# ayuda a programar el integrado telefonico mt8889



## vmarin6 (May 4, 2006)

hola soy un estudiante de 2ºde grado superior de electronica y en mi proyecto me e encontrado un problema con un integrado telefonico el "MT8889" y es que por mas que lo configuro no me transmite ningun tono. Quiero hacer una llamada telefonica y no consigo hacer que mande tonos. Estoy programando en C: orientado a un micro "p89c51" 
Me gustaria que si alguien sabe como programar este integrado y tiene algun ejemplo en este lenguaje me lo facilitara o alguna sugerencia. Mi direccion de correo es vmarin85@hotmail.com. 
Gracias


----------



## EinSoldiatGott (May 4, 2006)

vmarin6 dijo:
			
		

> hola soy un estudiante de 2ºde grado superior de electronica y en mi proyecto me e encontrado un problema con un integrado telefonico el "MT8889" y es que por mas que lo configuro no me transmite ningun tono. Quiero hacer una llamada telefonica y no consigo hacer que mande tonos. Estoy programando en C: orientado a un micro "p89c51"
> Me gustaria que si alguien sabe como programar este integrado y tiene algun ejemplo en este lenguaje me lo facilitara o alguna sugerencia.

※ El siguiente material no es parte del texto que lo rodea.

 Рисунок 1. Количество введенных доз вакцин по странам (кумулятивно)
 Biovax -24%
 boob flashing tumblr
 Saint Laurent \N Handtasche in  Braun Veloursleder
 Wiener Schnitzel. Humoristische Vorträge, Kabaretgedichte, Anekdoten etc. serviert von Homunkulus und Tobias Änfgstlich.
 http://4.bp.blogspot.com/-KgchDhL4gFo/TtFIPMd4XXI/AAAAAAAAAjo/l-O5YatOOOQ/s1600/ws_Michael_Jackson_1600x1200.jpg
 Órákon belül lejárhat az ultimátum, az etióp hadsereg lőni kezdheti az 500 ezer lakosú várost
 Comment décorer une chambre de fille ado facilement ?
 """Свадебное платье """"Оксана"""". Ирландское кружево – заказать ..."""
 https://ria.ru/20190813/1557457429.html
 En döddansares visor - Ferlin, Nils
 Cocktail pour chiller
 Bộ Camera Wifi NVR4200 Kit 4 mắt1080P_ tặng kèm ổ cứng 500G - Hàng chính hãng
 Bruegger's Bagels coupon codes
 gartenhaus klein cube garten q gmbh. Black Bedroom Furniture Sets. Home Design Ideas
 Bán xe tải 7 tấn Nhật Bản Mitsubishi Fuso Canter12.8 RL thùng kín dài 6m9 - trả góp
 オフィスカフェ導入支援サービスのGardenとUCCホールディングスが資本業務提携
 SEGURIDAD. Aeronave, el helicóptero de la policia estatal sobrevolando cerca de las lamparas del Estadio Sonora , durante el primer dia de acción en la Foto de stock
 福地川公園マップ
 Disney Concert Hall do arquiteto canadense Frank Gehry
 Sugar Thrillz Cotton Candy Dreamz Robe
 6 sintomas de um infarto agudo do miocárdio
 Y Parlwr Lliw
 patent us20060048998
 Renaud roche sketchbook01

Mi direccion de correo es vmarin85@hotmail.com.
> Gracias



Hola compañero, le sugiero que lea el reglamento del foro, no debe abrir varios temas con la misma finalidad y además no debe pedir que se le mande la respuesta a su mail, por eso es un foro, todo se comparte aquí mismo..

En cuanto a su integrado no se la respuesta.

Saludos


----------